The Andersen name has survived in the form of an association of consulting firms offering tax and legal services. Former Arthur Andersen partners bought the rights to the name in 2014. The association, now called Andersen Global, employs more than 12,000 people.

“The trust in the brand is absolutely critical,” said Rohit Deshpande, a marketing professor at Harvard Business School. “It’s unclear to a lot of people whether Arthur Andersen was the principal bad actor or whether it was collateral brand damage from Enron.”

Joseph Berardino, who led Arthur Andersen until March 2002 and is now a managing director at Alvarez & Marsal, and David Duncan, the lead partner on the Enron audit, didn’t respond to requests for comment.

Some former Arthur Andersen employees are memorializing their treasured experiences at the firm. Warren Turner, a former audit manager, is working on a book about the firm slated to be published this fall. Mr. Turner and six other alumni have collected interviews from more than 4,000 former employees, he said.

“I think they all wear it as a badge of honor, having worked there,” said Mr. Turner, who left Arthur Andersen in 1993 to work for an audit client and has run an alumni website since 1998. “Everybody says they wish the firm were still in existence.”

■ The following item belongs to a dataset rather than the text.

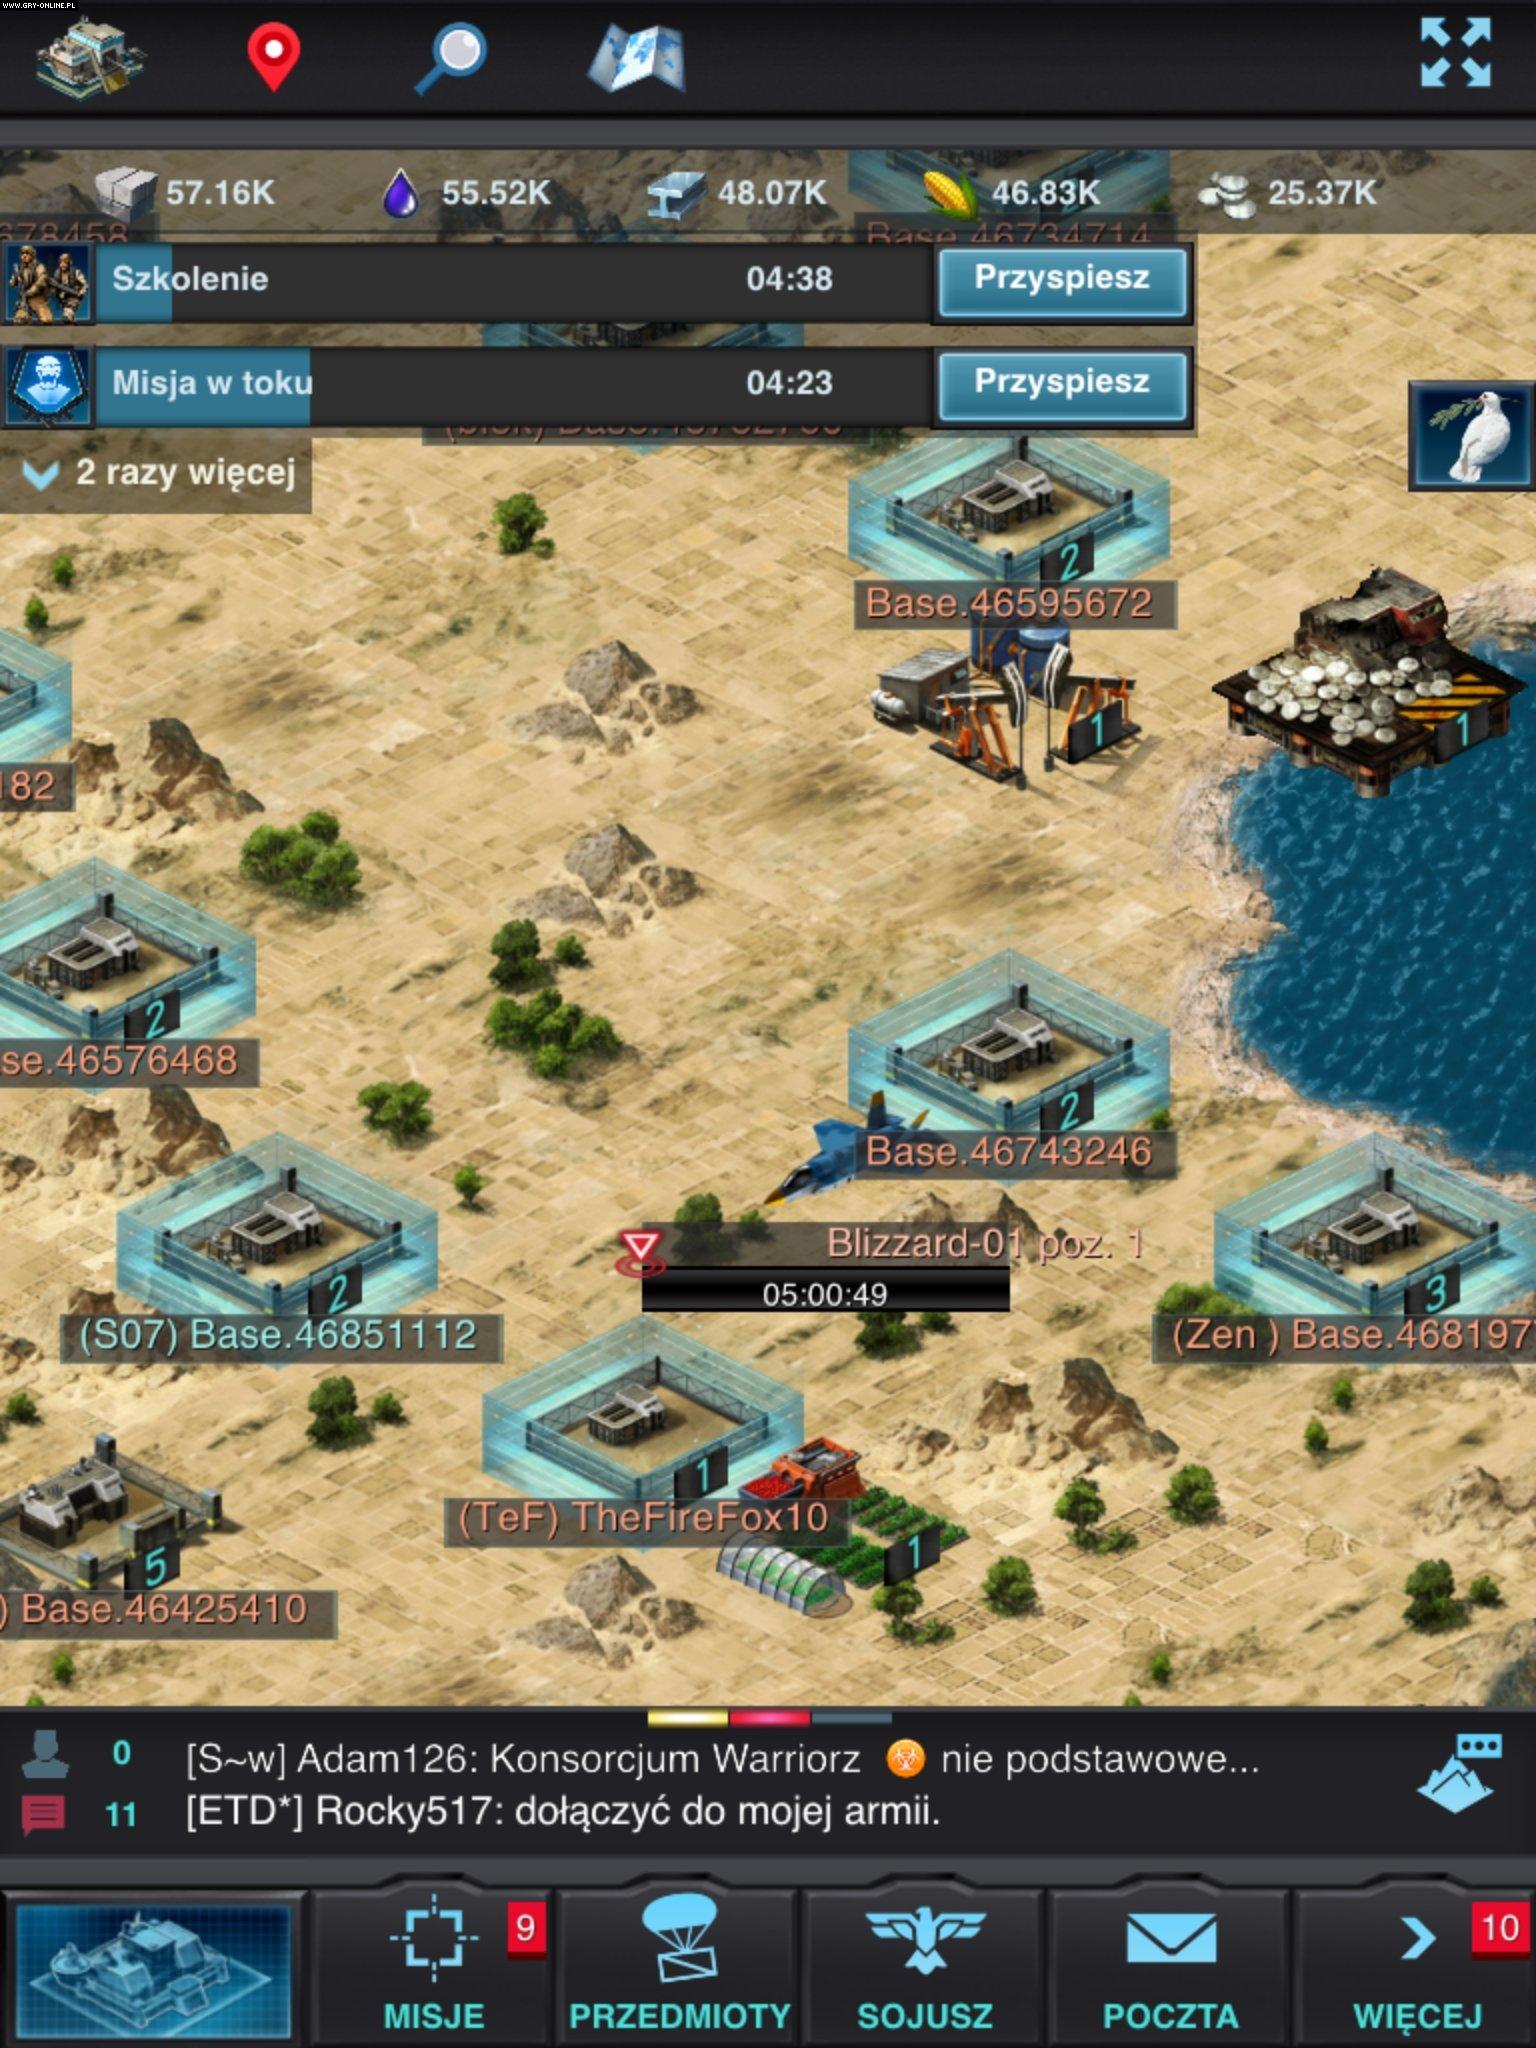 mobile strike machine zone

Some alumni keep in touch through mailing lists and social media. About 25 former Chicago-based partners, mostly from the former audit business, for years gathered for monthly lunches until the pandemic hit, said Jim Peterson, an attorney and former senior in-house counsel at Arthur Andersen. Members of the group now talk over Zoom once a month, Mr. Peterson said.

The Arthur Andersen name also lives on through an assortment of scattered objects, including a used stapler that’s up for sale on eBay for $2,500. The University of Illinois Urbana-Champaign displays Arthur Andersen memorabilia, including a set of wooden double doors from outside Mr. Andersen’s Chicago office that inspired one of the company’s logos. Other items, mostly documents and photos, are stored at Northwestern University.

Kristen Andersen, a great-granddaughter of Mr. Andersen, has an oil painting of him in her Illinois home that for years adorned a wall at the firm’s global training facility in St. Charles, Ill. Ms. Andersen said she was offered the doors, but declined. “I mean, where would I put big wooden doors?” she said.

Ms. Andersen, who worked as a senior manager at Arthur Andersen in the 1990s, said the firm’s demise was “one of the biggest professional tragedies in history.”